I was at this queer techno rave recently. I hadn’t been to one in a while and it felt like a transcendental experience. I was drifting through this sea of people. The steamy air was almost like fog and there was just very dim light, mostly red and sometimes flashings of blue. It was hard to really see things in detail. In this situation everybody looked very muscular, masculine and hot. Every other guy looked for a brief, subjective moment like my boyfriend.
Getting into the Music
My mind was circulating through different stages: falling into the music, disassociation, closing my eyes and seeing geometric or fractal patterns - similar to the plant leaves from the lego set that I was playing with earlier. This stage felt similar to meditation: at peace, in resonance, good and complete by myself, not minding the outside world and the rest of life. It was easier for me to experience this with eyes closed, because some peoples’ movements around me or guys vigorously kissing could throw me a bit off. Though I didn’t want to shut myself visually completely off like that, so I started experimenting with my eyes open: defocussing and just letting the visuals come a move projected onto a screen, but not disturb me.
Thinking Noise
This evening my hearing was oversensitive, I could seemingly hear everyone talk, everywhere, relentlessly, as if right next to my ear.

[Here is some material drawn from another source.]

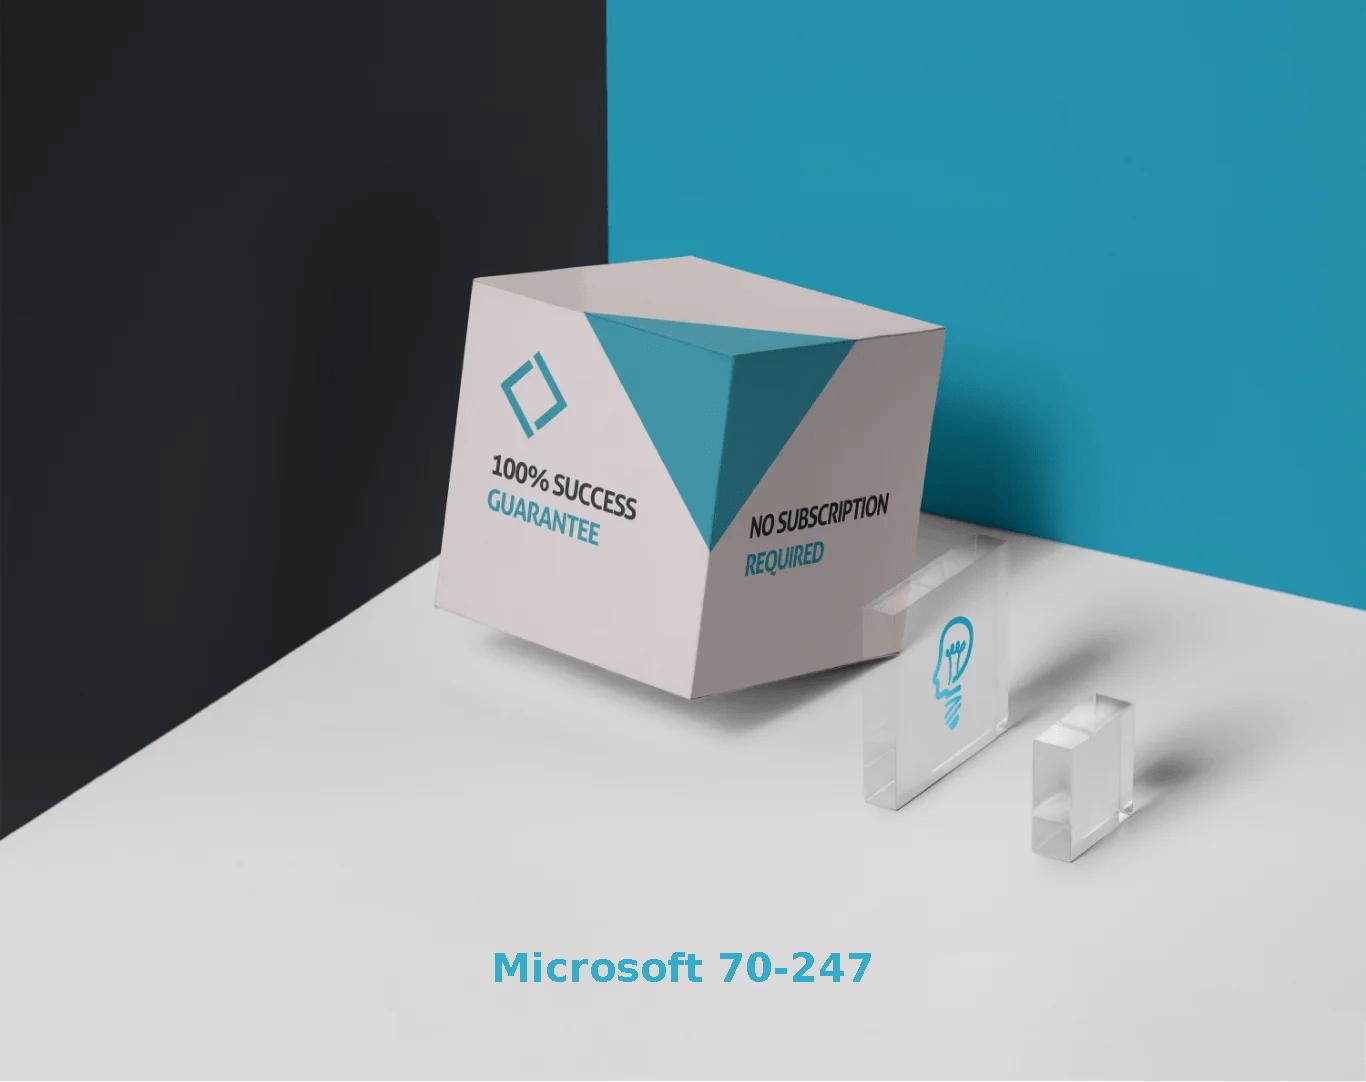 Microsoft 70-247 Exams

Although I didn’t really understand it word by word, it was more like a massive collection of noise competing with the music. Did some people come there to have a conversation? Then my mind started to ruminate more, losing the connection to the music. I was not just being there by myself, I got caught up in contemplating all the social aspects of being human and being there. I tried to imagine the perspective of how I appear being there as perceived by other people. How I look to them. What my movements are like in their eyes. Even why I am there and what I am after. Whether it’s for similar reasons and with a similar mindset as other people or not. Whether being there makes me connected to them by this shared experience or if that doesn’t mean much. I noticed the fact itself that I started to think so much and then wondered if that happens to people too. Do they also wonder how other people perceive them?
Switching Back
And after getting in a more and more overthinking state of mind, suddenly a different voice in my head told me: damn all this mind chatter! If it was just quiet inside this head. You’re here. Your mind is expanding, getting out of your everyday stuff… but you have not found enlightenment yet, if you’re still thinking all this nonsense for which there is no need right here and now.
So I tried to let go. And fell back into the music and enjoyed it for a bit.
I went through several cycles between these different states that night.
The Third State
Another state was driven by an undercurrent of horniness and hunting instinct: all these hot guys here. I want to have some fun with someone. So a few times I went roaming around. There were people giving me interested and intense looks, but somehow no one spoke to me, so I was passing by. And - seemingly - within just a split second those people would then be kissing a random other person. Crazy how quick they clicked. Sometimes I thought just being there, just trying to feel myself and be my presence, would attract interesting experiences and connections. But maybe my truth for that night was that I didn’t want any of that really. Perceiving many people seemingly resembling my partner might just be a sign that I didn’t want somebody else.
Another time I was at a similar party: it was smaller, and I ran into somebody on the stairs who gave me a compliment for my clothes and there was a spark and tension in that moment. But I was not in an agreement to make out with other people then, so I returned the compliment friendly and moved on. In a way I hoped to experience this again now, maybe even the same guy. But it just all felt different then. And this here is just too big, too many people and too steamy.
What Do Other People Do?
I wondered if some other people are also just wandering around and switching states between feeling a bit lost and connecting with the music. I guess a lot of people were more social though. Sometimes I ran into people from my friend group: we would give each other nods and smiles and stay dancing together for a moment until dispersing again.
At some point I even thought the place is like slaughterhouse for pigs (maybe not so much the slaughtering part, but the being penned up part). When this thought entered my head, I knew it would soon be time to leave, I would not enjoy this more than I already did.
The slaughterhouse is an odd comparison, but a few days later somebody pointed out to me where it came from: I had watched Spirited Away recently where humans turn into pigs and monsters come to a bathhouse, that must have subconsciously inspired me.
Back to Reality
The world looked a bit different when stepping out. Compared to the dim light and steam inside, the SOMA street at night looked crisp, bright and calm (a rare impression of SOMA streets). There were a bunch of homeless people and junkies right around and I thought what a weird world we live in where this is right next to each other.
I went home in a Waymo, because I was looking forward to just being by myself in a cabin with no other humans. At home I took forever to work myself from the back stairs, laundry room and kitchen to the bathroom. I got naked and stood on the landing of the back stairs and stared into the sky for an eternity.
Personal After Party
I wanted to drink water, turned on the tap and as water was running on my fingers, I just looked at the flow of water for minutes and tried to arrange my hands in such a way that the water would make a pleasant noise when dripping down from one hand to the other to the sink. Something in me decided to go into a weird stretch pose and put my leg onto the kitchen counter and hang out like this in front of the water running down my hands.
Eventually I made it to bed and kissed my boyfriend in his sleep and I was very happy that he was there.